Where did you determine that triangle EFC has a right angle in it? The picture is pretty much drawn to scale (but don't put a protractor on your screen to get the answer :-).

ScottR,

Please show your work. :-)

Answer 1

18

http://mudandmuck.com/str2/tri.gif
The angles in the picture are derived working from left to right (From angle A to the right)




90 - 3x + 2(90 - x) = 180
5x = 90
x = 18

Answer 2

Angle DAF = angle DFA = say A.

Therefore angle EDF = 2 A = Angle DEF (The exterior angle is the sum of the interior angle)
Angle DFE = 180 -4A.
Angle AFE = 180 - 3A

Therefore angle EFC = 3A =Angle ECF
Angle FEC = 180 -6A
Angle AEC =180 -4A

Therefore angle BEC = 4A.
Angle EBC = 4A

Angle A + angle B = 90.
5A = 90.

Therefore A = 18 degree.


Added after.
A tri angle has 6 elements (3 sides and 3 angles)

If any three of these 6 elements is given, then the other three can be found.

If two angles are given, then the third angle can be found. But only the ratio of the three sides can be found and not their exact value.

In the given figure angle C is marked as 90 degree. If the angle is marked with two perpendicular lines instead of curved lines then it means the angle is 90 degree.

If this angle is not given, then the angle A can have many values provided that the sum of the three angles is 180 degree.

Answer 3

I was unable to see the diagram. However, if it's a right triangle with all 3 sides of equal length, then the other 2 angles (other than the right angle) must be 45 degrees each. The sum of the 3 angles must be 180 degrees. If one angle is 90 degrees, the other two must add up to 90 degrees. If the legs are equal length, then both angles must be the same.

Answer 4

Okay, I'm a statistical analyst for a living, but slightly rusty in my geometry. But, I think there is a missing piece of information.
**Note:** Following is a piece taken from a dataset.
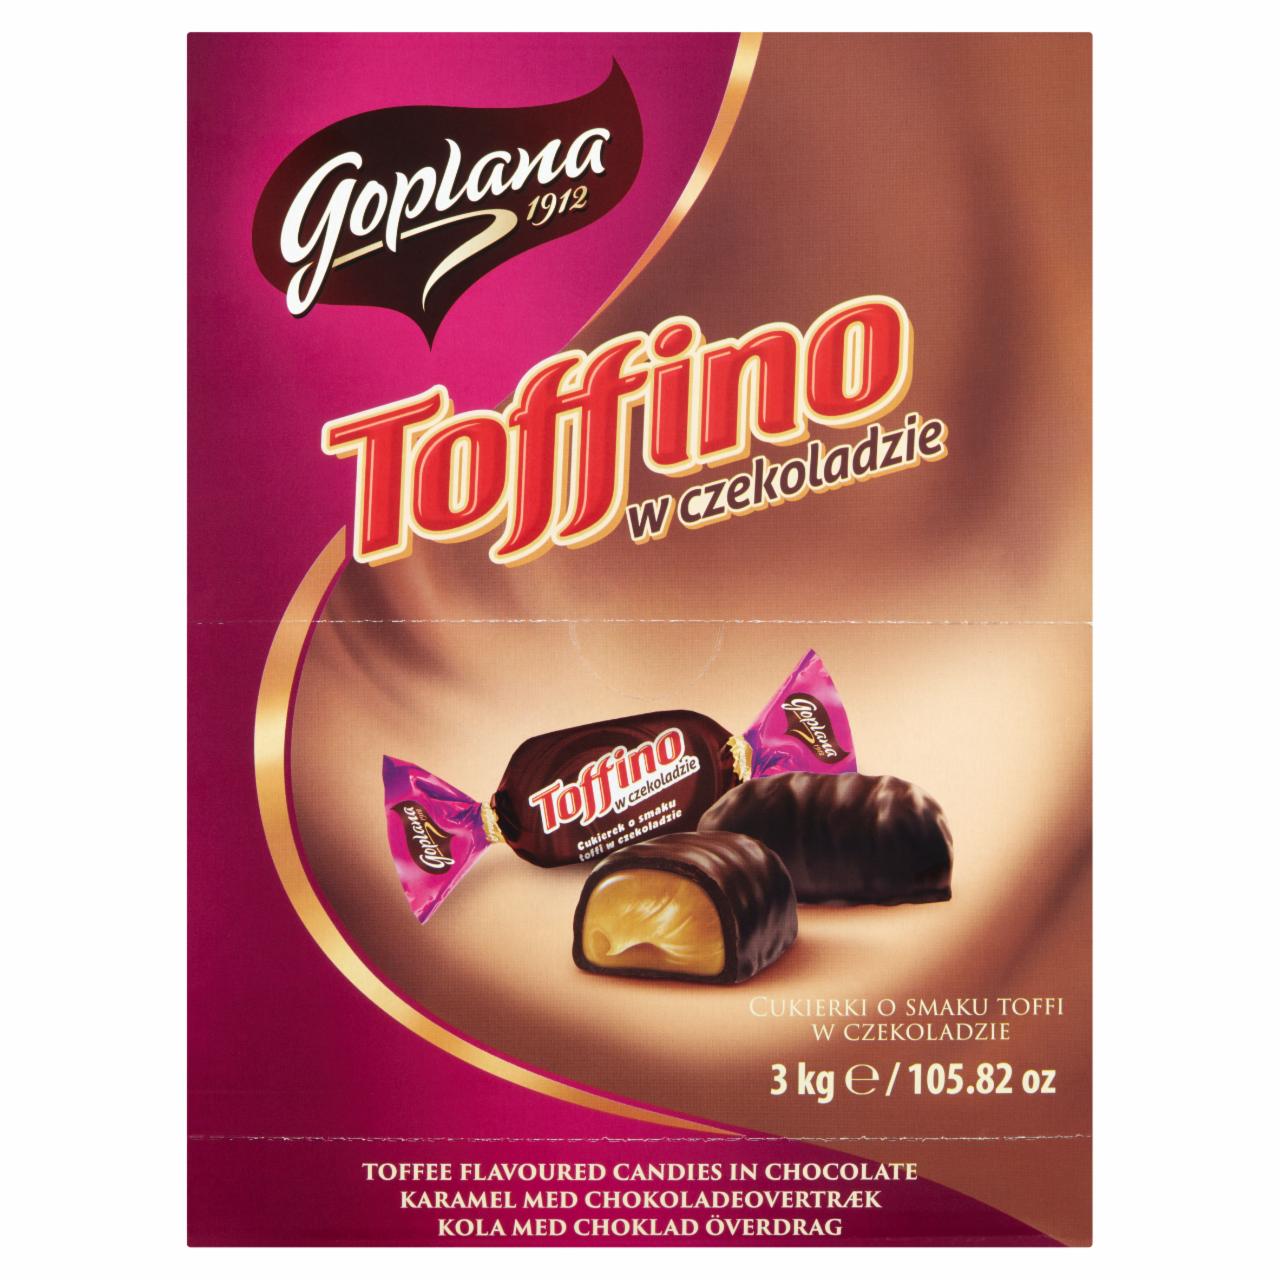 Zdjęcia - Goplana Toffino Cukierki o smaku toffi w czekoladzie 3 kg
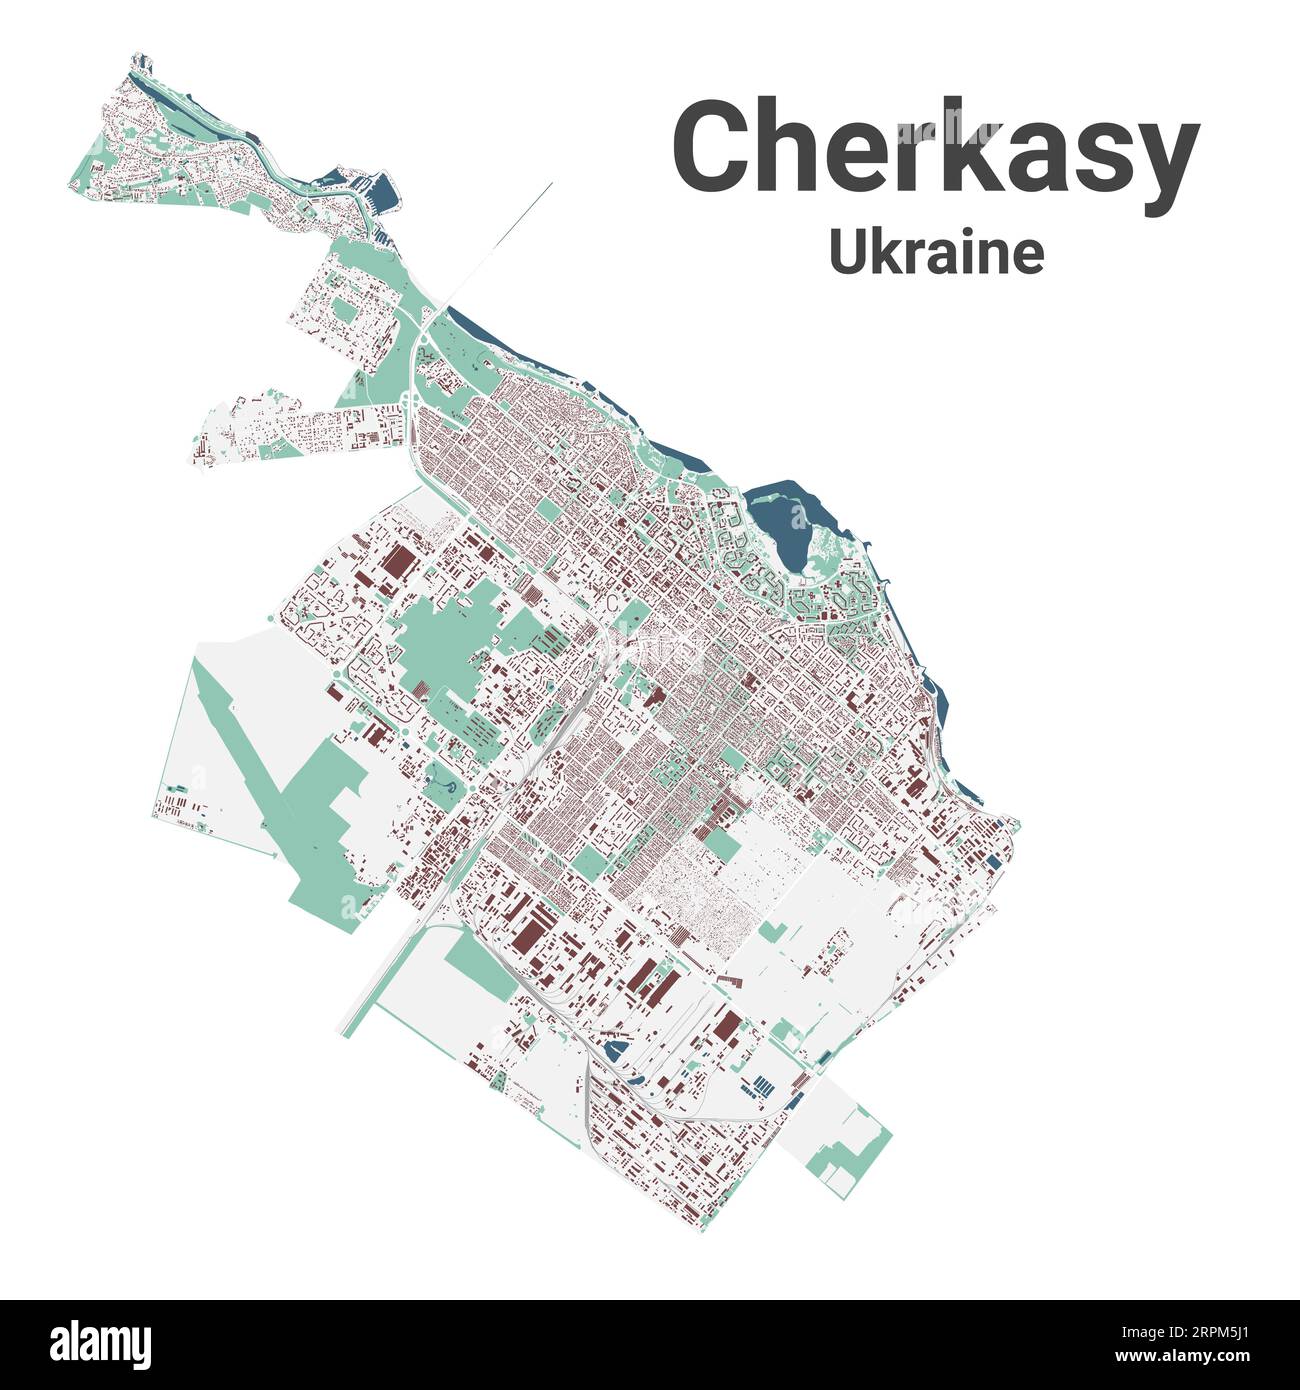 Tscherkasische Karte, Stadt in der Ukraine. Stadtplan mit Gebäuden, Flüssen und Straßen, Parks und Eisenbahnen. Vektorillustration. Stock Vektor

Also, DE cannot be congruent to DF or DE. I think someone is trying to pull a fast one of you. Looks like

Answer 5

30 degrees. Since the stated segments are equal the angles in triangle DEF are equal each would be 60 degrees (60x3=180). The D angle in ADF is therefore 120 degrees. The other two angles in ADF are equal and both 30 degrees (180-120=60 60/2=30)

Answer 6

its 18.
The trick is that each of triangles with equal sides means that the angles opposite of the sides are equal, and realize the angles of a triangle equal to 180 degrees.

Answer 7

Fooled us, didn't you! Yes, I sailed in and worked out it was 30 deg, then checking found that would make triangle EFC isos with two base angles of 90 deg each. Impossible. The figure doesn't really exist.

Answer 8

180 - 2FAD = EDF
EDF = DEF = 180 - 2FAD

DFE = 180 - DEF - EDF = 180 - 2(180 - 2FAD)
DFE = 180 - 360 + 4FAD = -180 + 4FAD

180 - DFA - DFE = EFC; 180 - FAD - (-180 + 4FAD) = EFC
EFC = 180 - FAD + 180 - 4FAD = 3FAD

90 - ECF = ECB, ECB = 90 - 3FAD

2@ = 180 - ECB = 180 - (90 - 3FAD) = 90 + 3FAD
EBC = .5 (90 + 3FAD) = 45 + 1.5FAD

EBC + 90 + FAD = 180
45 + 1.5FAD + 90 + FAD = 180
2.5FAD = 180 - 45 - 90 = 45
FAD = 45 / 2.5 = 18 DEGREES

Answer 9

I thought that I had the answer, but the person who said that this figure can't exist is correct.

Answer 10

18degrees
let ^BCE=a
^ECF=90-a=^EFC
^FEC=180-(90-a)-(90-a)=2a
^DEF=180-^FEC-^BEC=90-3a/2=^EDF
^EFC=180-^EDF-^DEF=3a
^DFA=180-^DFE-^EFC=90-2a
^ADF=180-^DAF-^DFA=4a
^ADF+^EDF=180
therefore a=36degress
and angle A=^DAF=90-2a=18degrees